Vous réveillez-vous en nage, haletant, couvert de sang, la main crispée, pour avoir trop longtemps maniée l’épée ? Êtes-vous surpris de ne pas découvrir le sol de votre chambre jonché du corps de vos ennemis, de ne pas découvrir une femme nue et terrorisée à vos côtés ? Dommage, c’est que vous n’êtes pas très Conan !
Autant le guerrier cimmérien me lasse vite, autant je reconnais être fasciné par son père, Robert E. Howard, le père de l’Heroic fantasy. Robert est un génie, l’égal de R. R. Tolkien (la fantaisie positive) et de H. P. Lovecraft (le fantastique monstrueux).
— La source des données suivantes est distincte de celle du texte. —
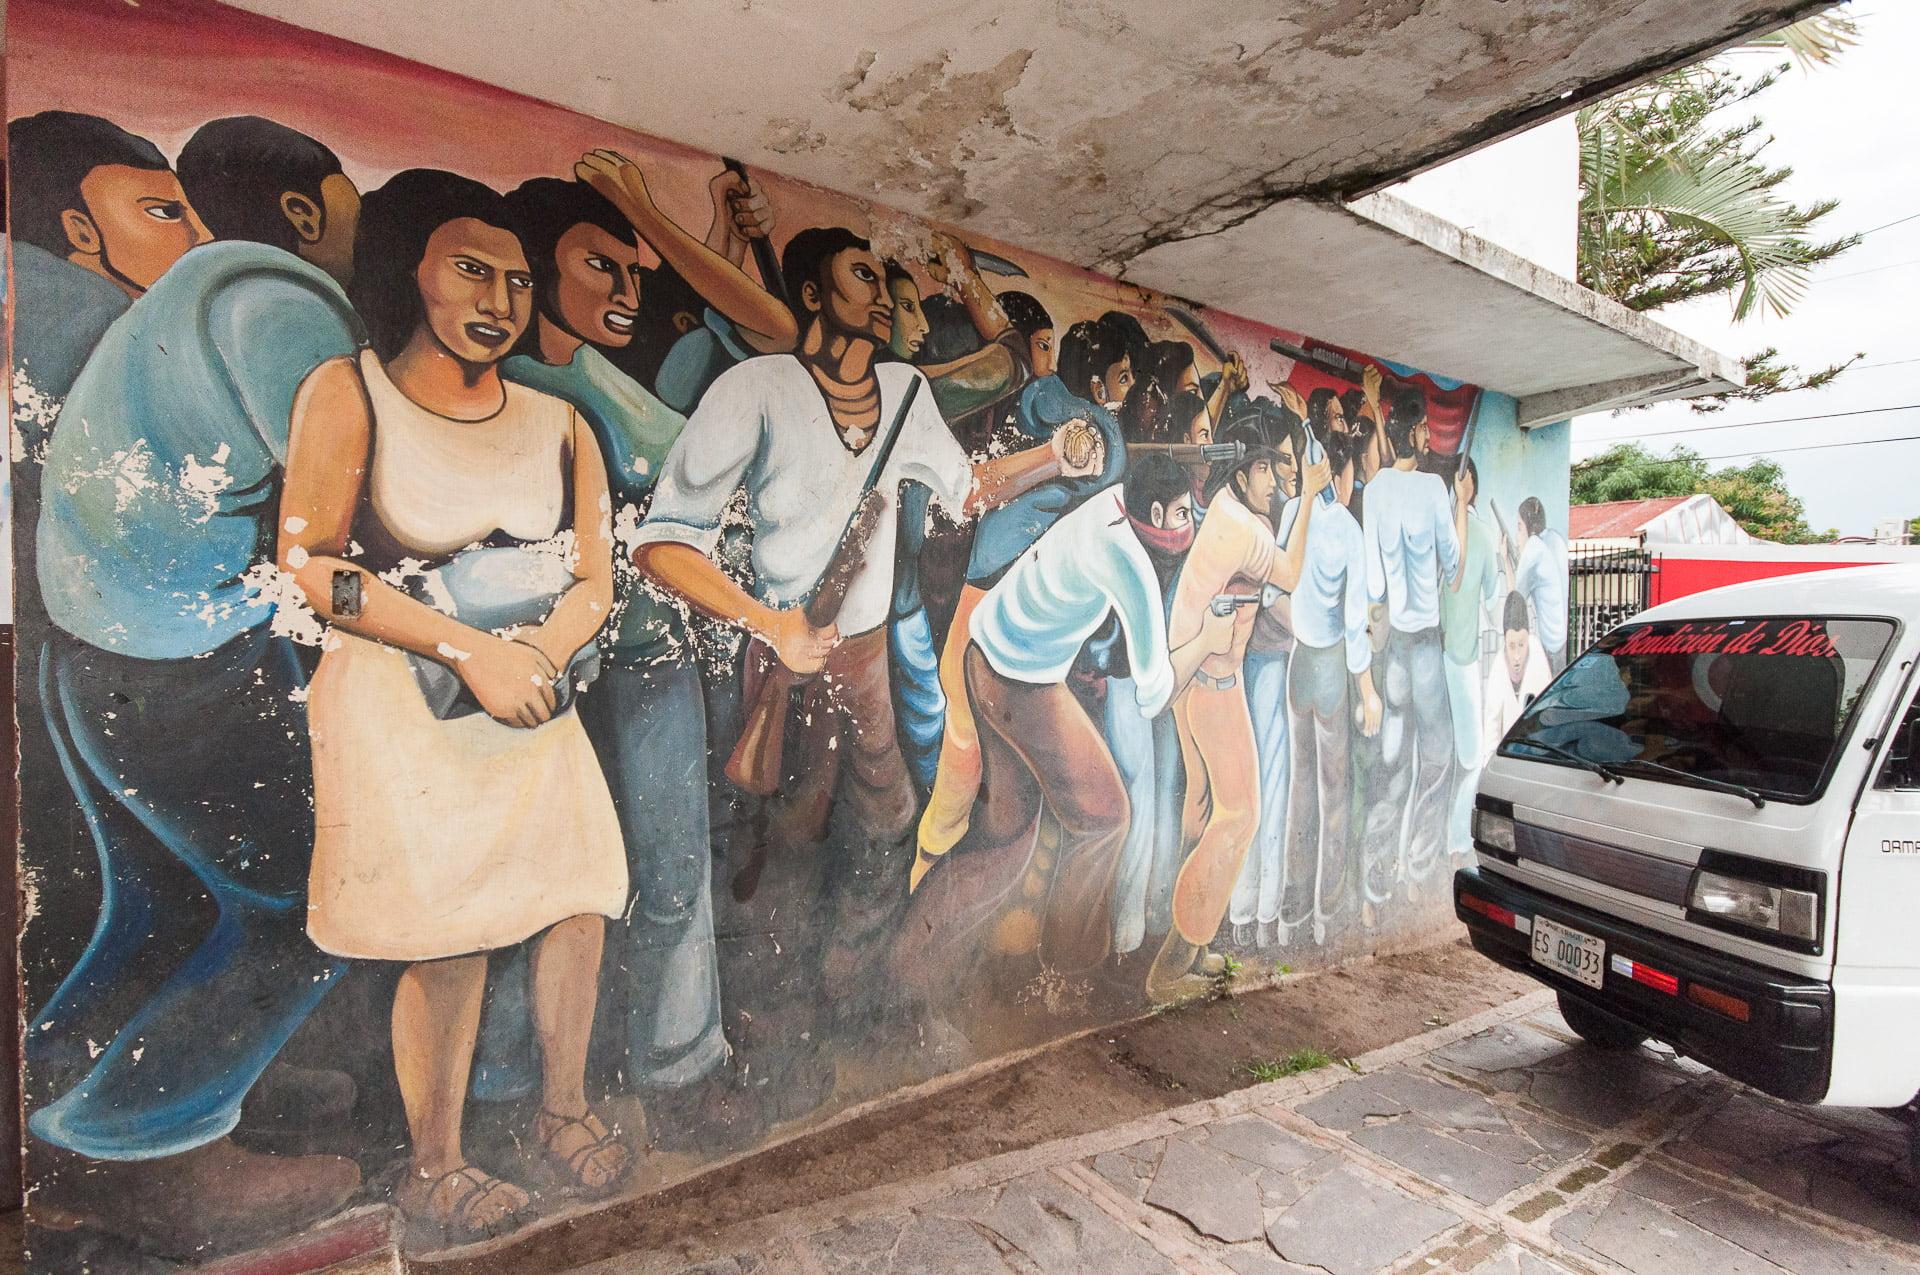 Murale du centre culturel d'Esteli

Si j’en crois Robert, nos manuels d’histoire sont tronqués. Ils omettent la préhistoire pré-cataclysmique, celle de Kullbar l’atlante (20 000 av. J.-C.). Un cataclysme engloutit Atlantis et ses cités étincelantes. Alors, vint le temps de l’âge hyborien, celui de Conan, une période de troubles, de magie et de grosses bêtes, que la grande invasion picte éradiquera. Enfin, s’ouvrira notre âge à nous, celui de l'Empire romain.
Conan est un Cimmérien, un colosse musculeux, un barbare. Son visage et son corps sont couturés de cicatrices, sa grande chevelure est noire de jais et ses yeux bleus perçants. Aventurier, il sera, tour à tour, pirate, général, tueur à gage ou roi d’Aquilonie. Il vit pour et par le combat. Il tue, viole, vole, sans sourciller. Son éthique est simple : il lutte pour vivre.
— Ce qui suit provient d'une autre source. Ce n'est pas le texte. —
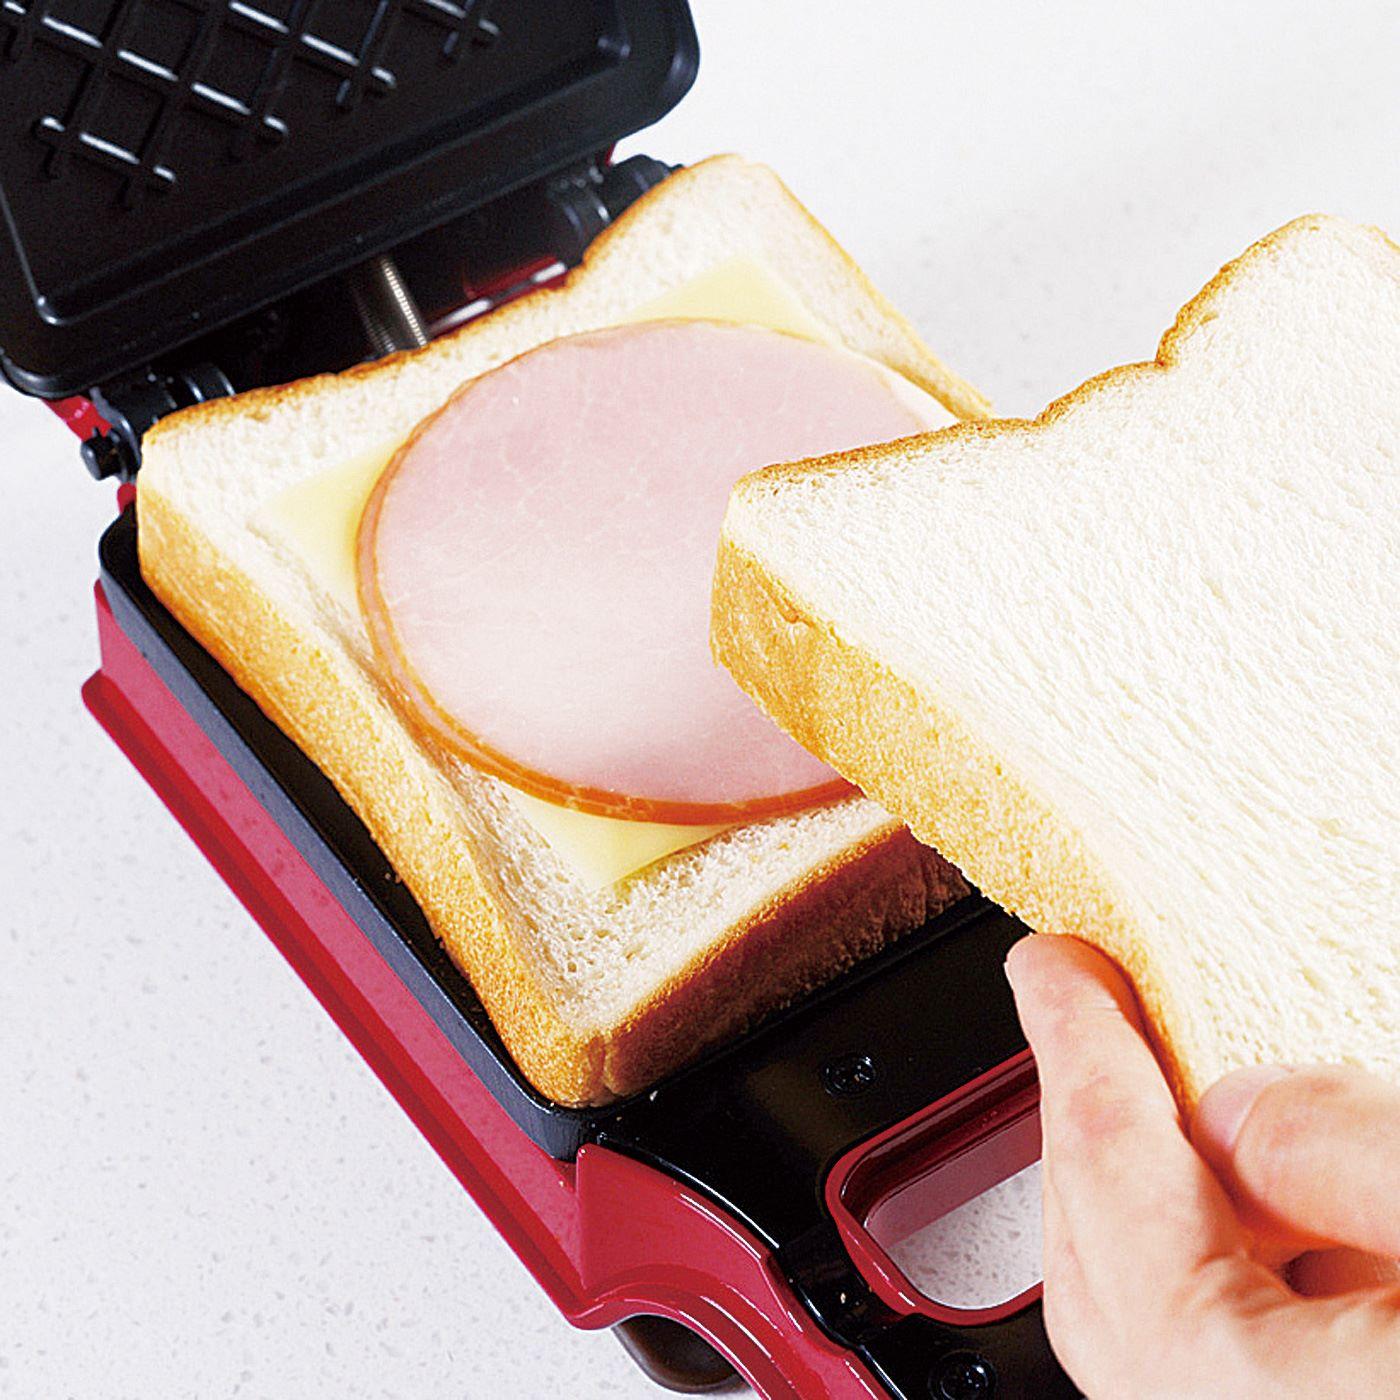 HOW TO COOK ①耳付きパンの上にハムやチーズなどお好みの具材をのせます。

Son monde est cruel et dangereux. Les décors sont crépusculaires, les manifestations surnaturelles terrifiantes, les femmes peu vêtues, la magie noire et les monstres méphitiques. La guerre y est incessante, les carnages succèdent aux massacres, les luttes s’achèvent par l’anéantissement d’un parti, voire des deux. Souvent, Conan reste seul. Robert décrit avec gourmandise les os broyés, les éclaboussures de cervelles, les rivières de sang. Conan est un mercenaire attiré par la ville et ses richesses. Le combattant vainqueur et honoré acceptera le trône, mais l’appel de l’aventure sera le plus fort. Conan vit pour la guerre, le pouvoir n’est rien.
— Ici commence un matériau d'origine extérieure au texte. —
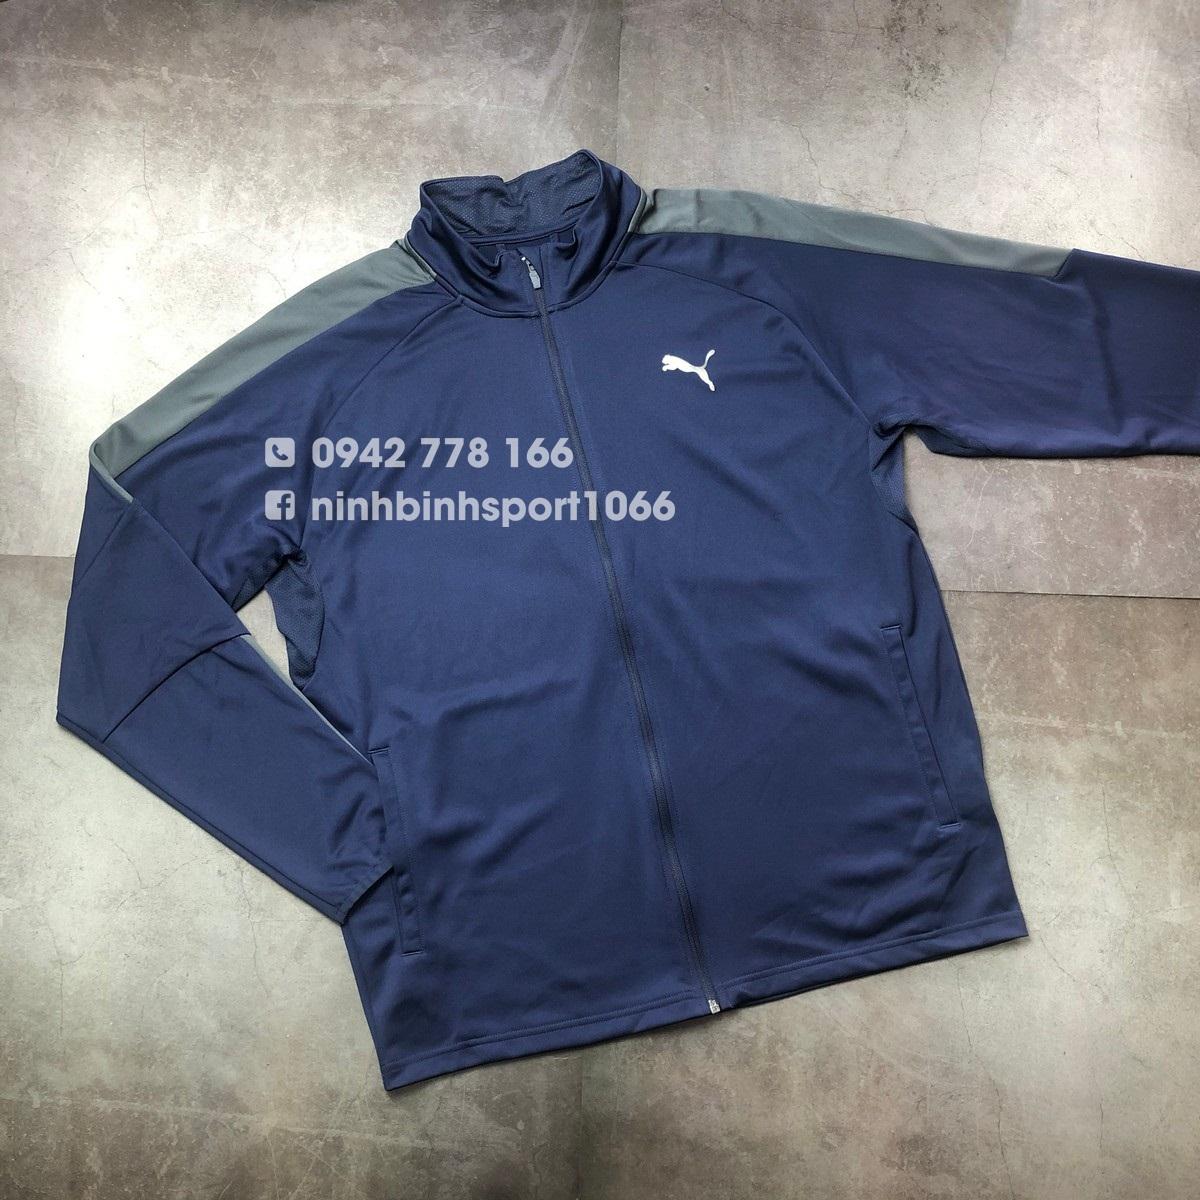 Áo khoác thể thao nam Puma Energy Training Jersey 517575-02

Dernière Conan, Robert n’est jamais loin. Son propos est clair : le barbare est solide et prévisible. L’homme civilisé est corrompu et fourbe. La civilisation s’effondrera. L’urbain, s’il survit, redeviendra barbare. Robert Howard fut aussi un fils dévoué. Il soigna sa mère, mais, quand elle sombra dans un coma définitif, le 11 juin 1936, il se suicida d'une balle dans la tempe. Il n’avait que trente ans. Étrange homme.